Information shown.
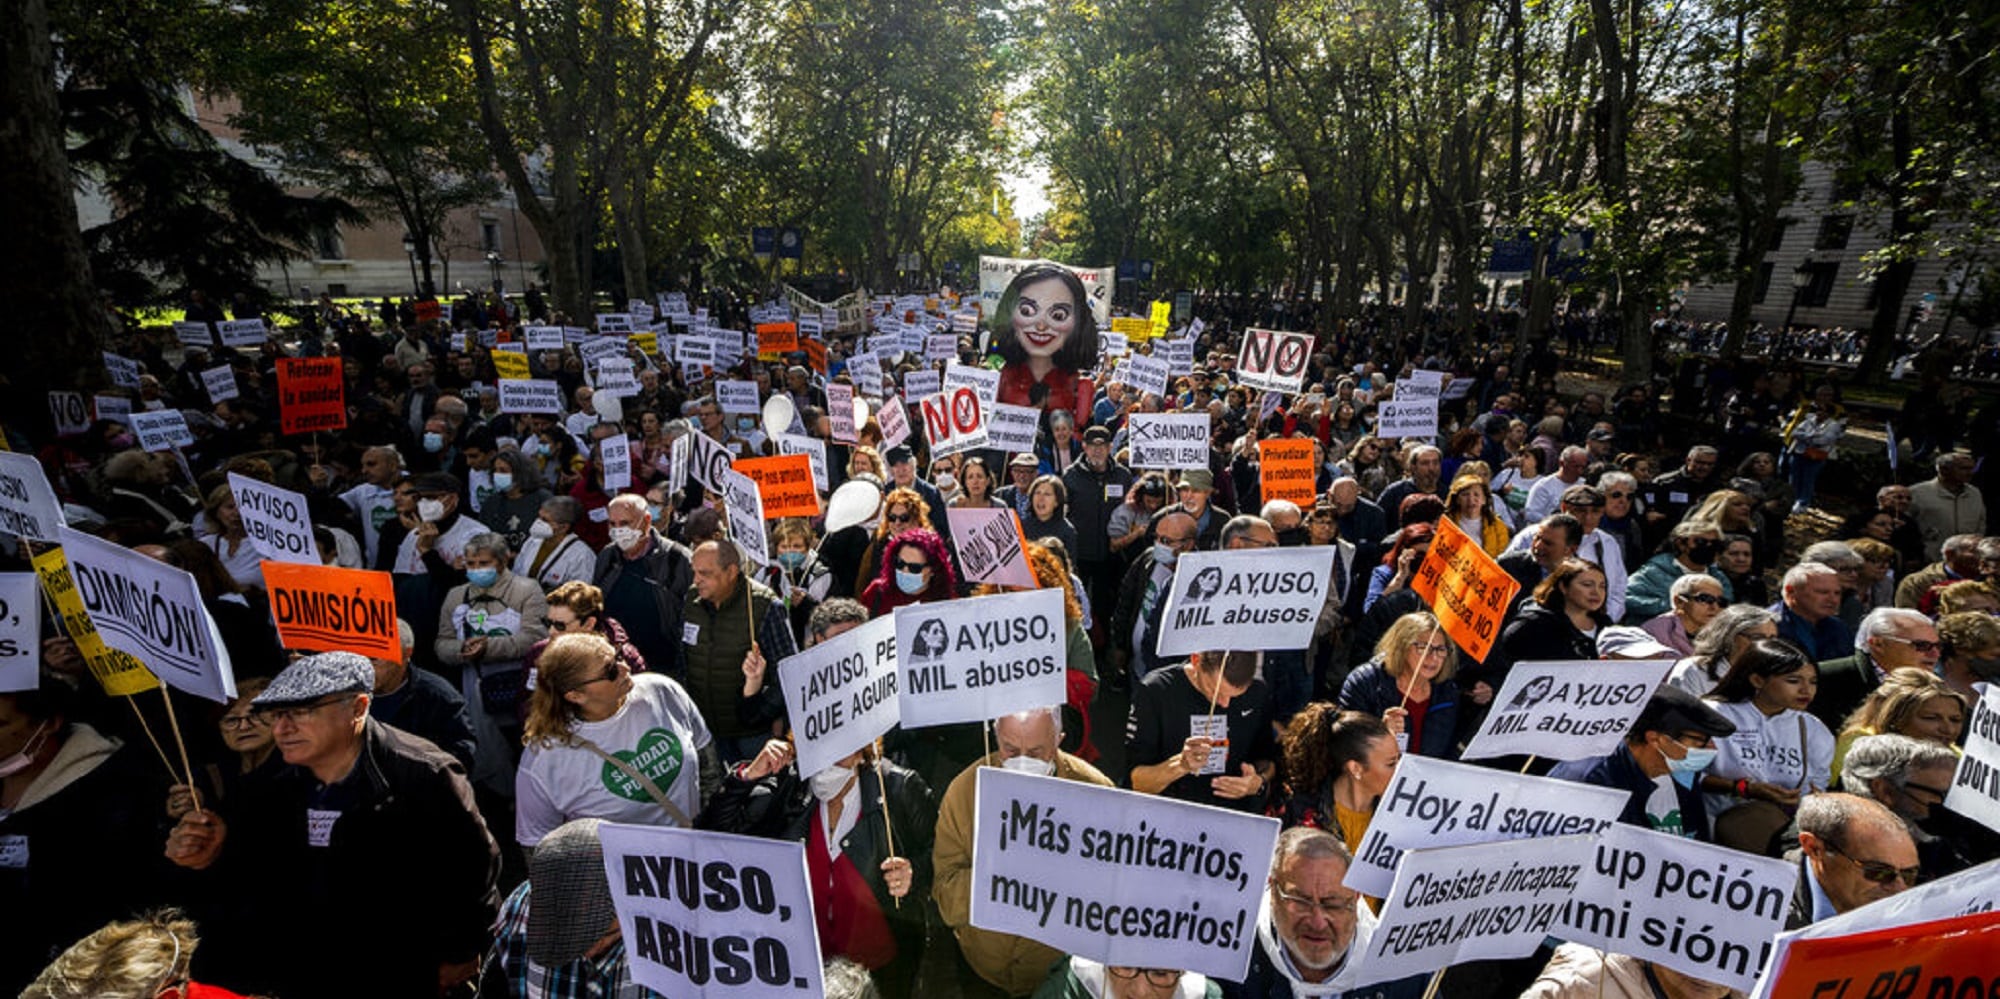 Διαδήλωση για το σύστημα υγείας στην Ισπανία
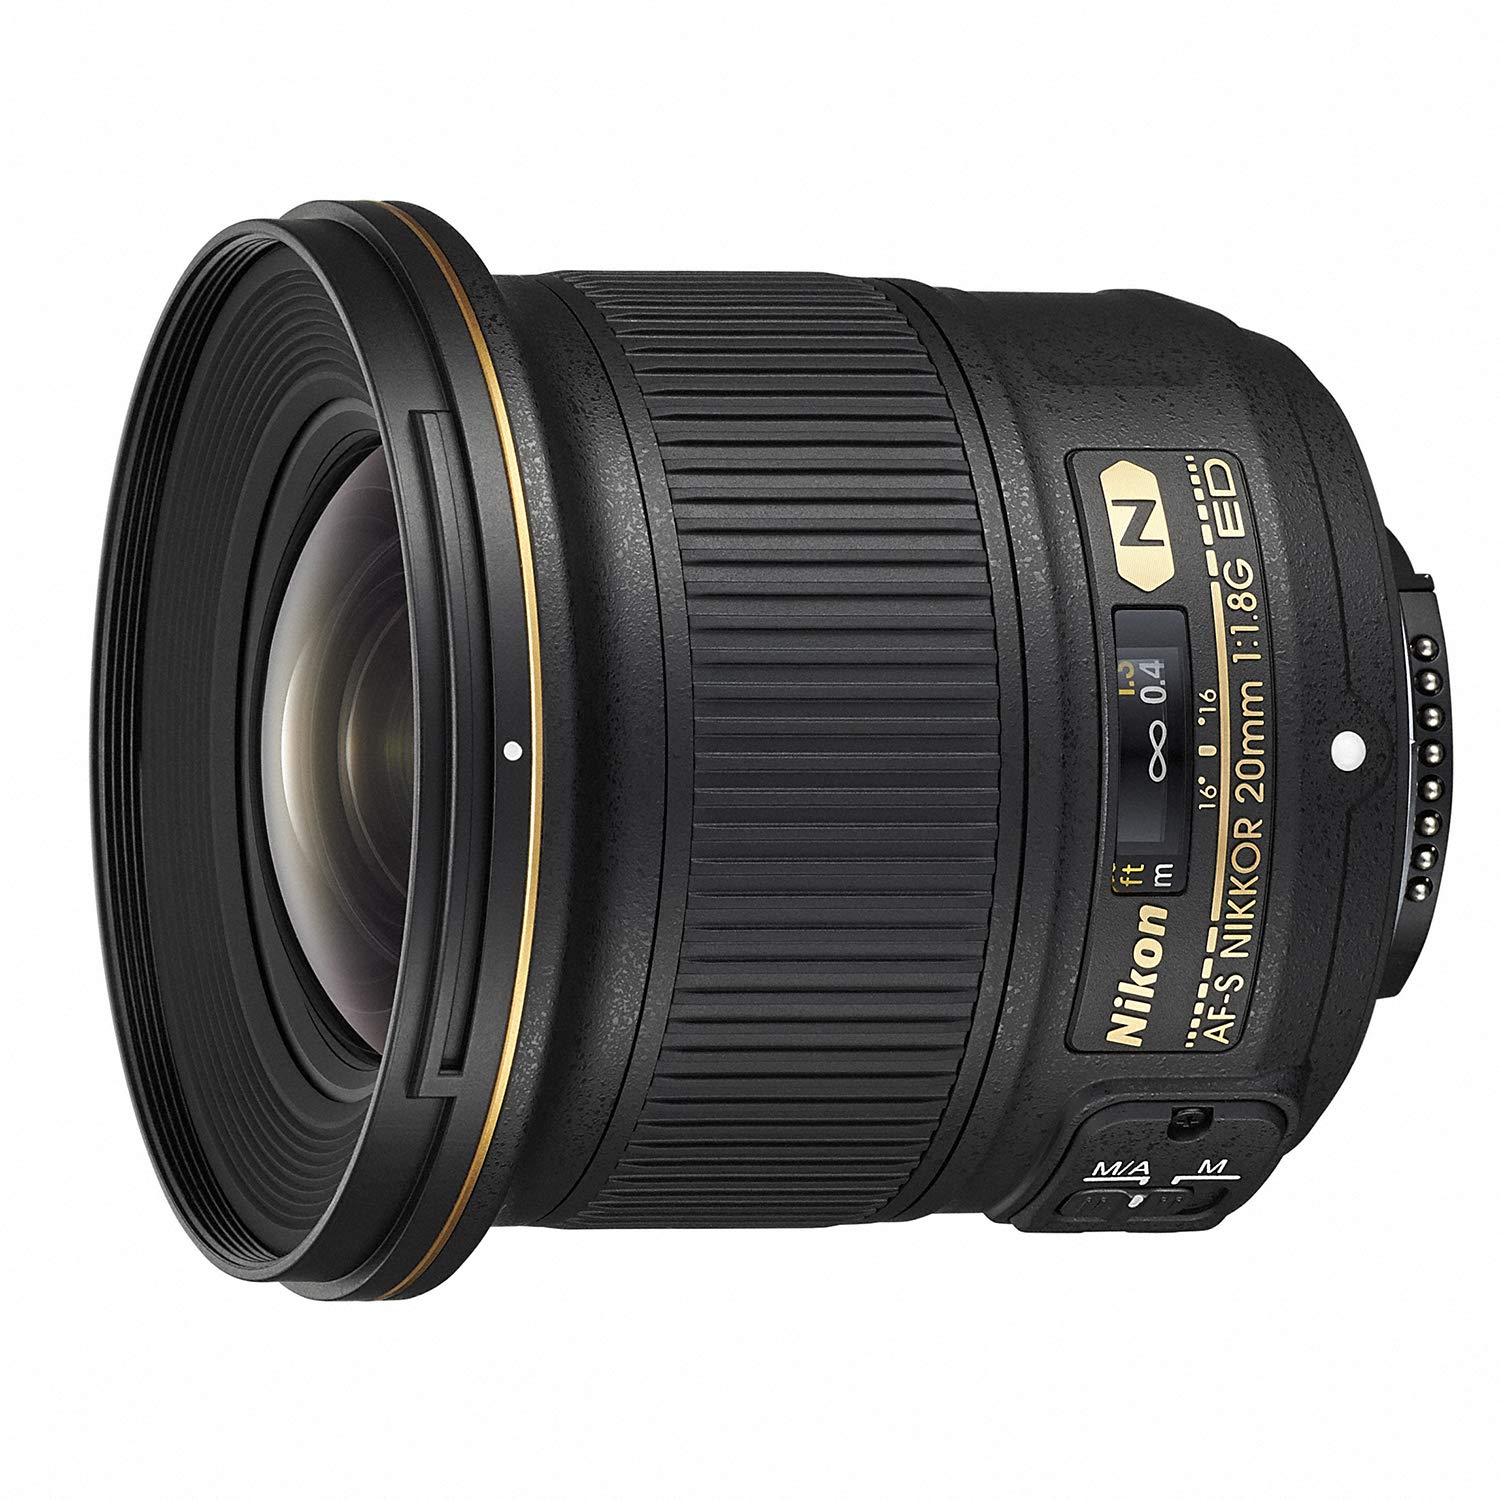 Nikon Single Focus Lens af-s NIKKOR 20 mm f/1.8G ED AFS20 1.8 G(Japan Import-No Warranty)
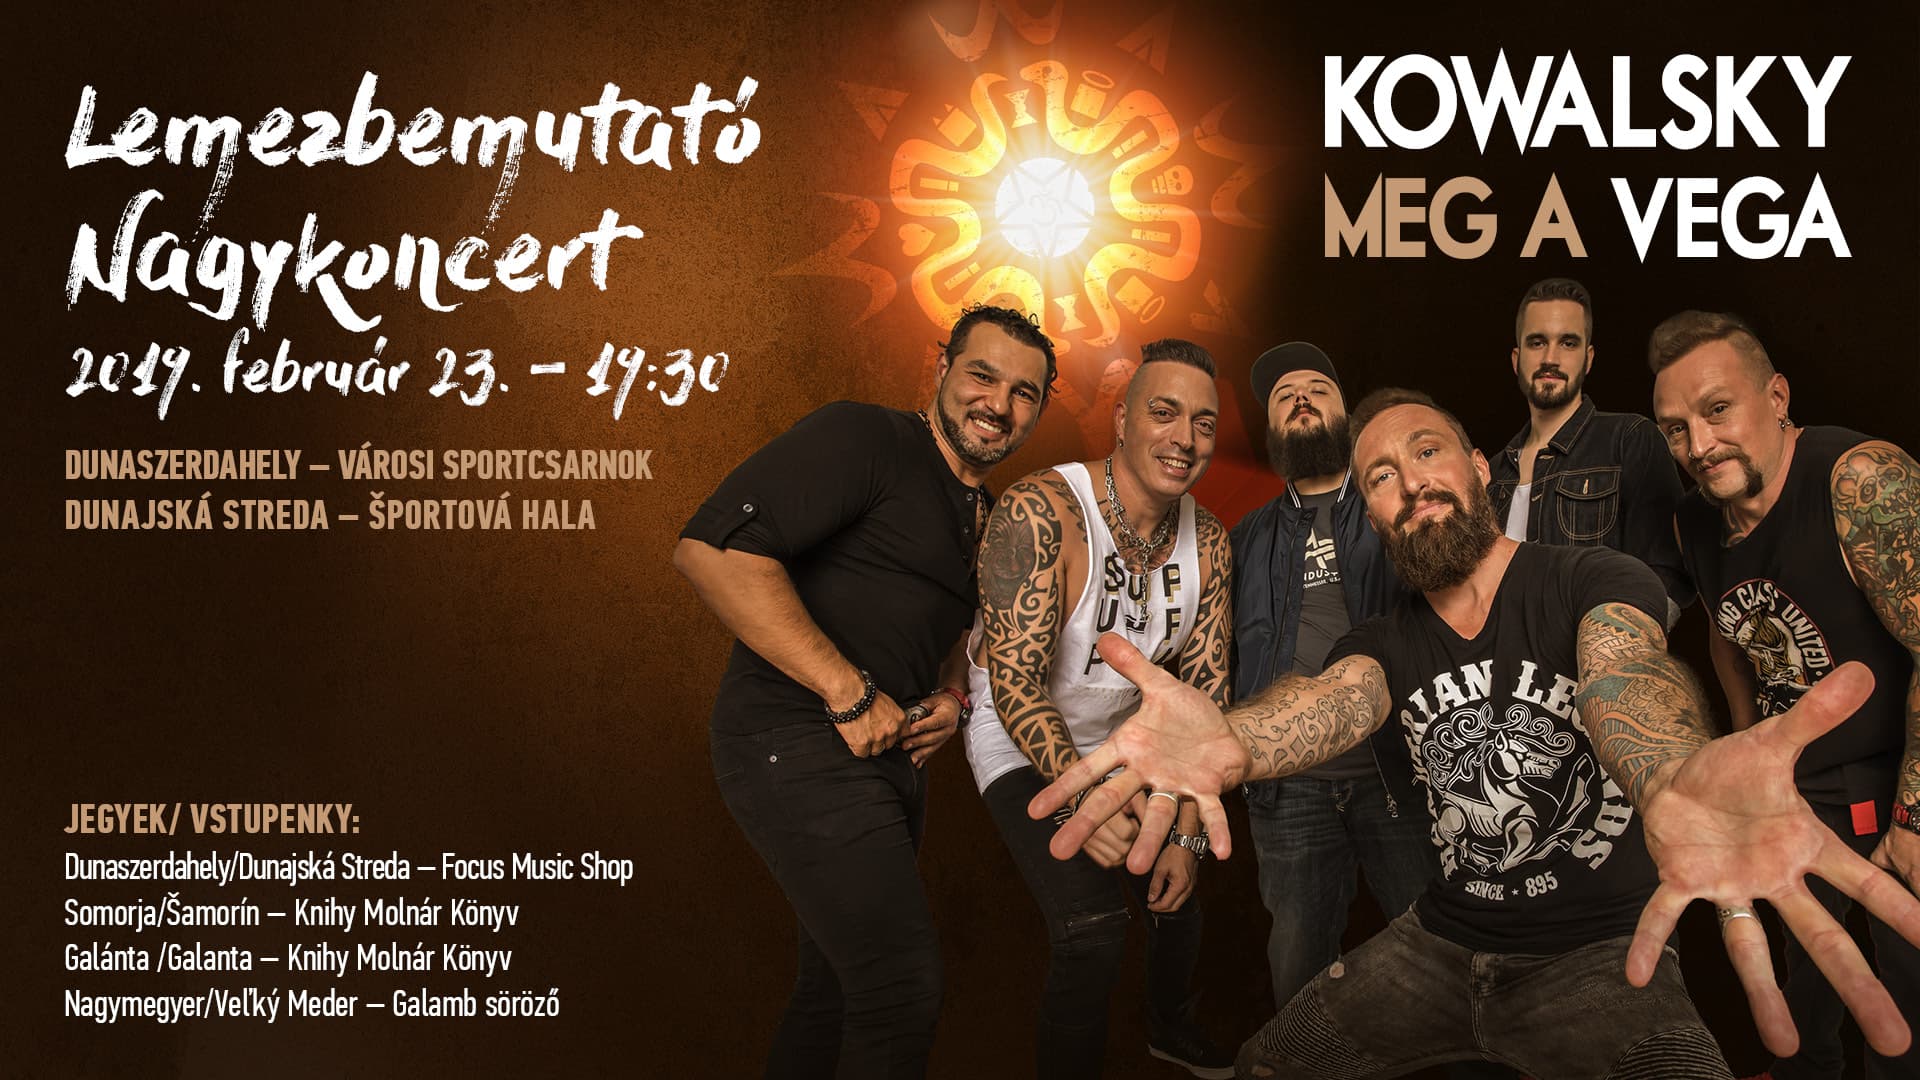 Kowalsky meg a Vega lemezbemutató nagykoncert Dunaszerdahelyen

Exercise details.
Copy every line above exactly, leaving no picture in the copy.

The completed task.
 Διαδήλωση για το σύστημα υγείας στην Ισπανία
 Nikon Single Focus Lens af-s NIKKOR 20 mm f/1.8G ED AFS20 1.8 G(Japan Import-No Warranty)
 Kowalsky meg a Vega lemezbemutató nagykoncert Dunaszerdahelyen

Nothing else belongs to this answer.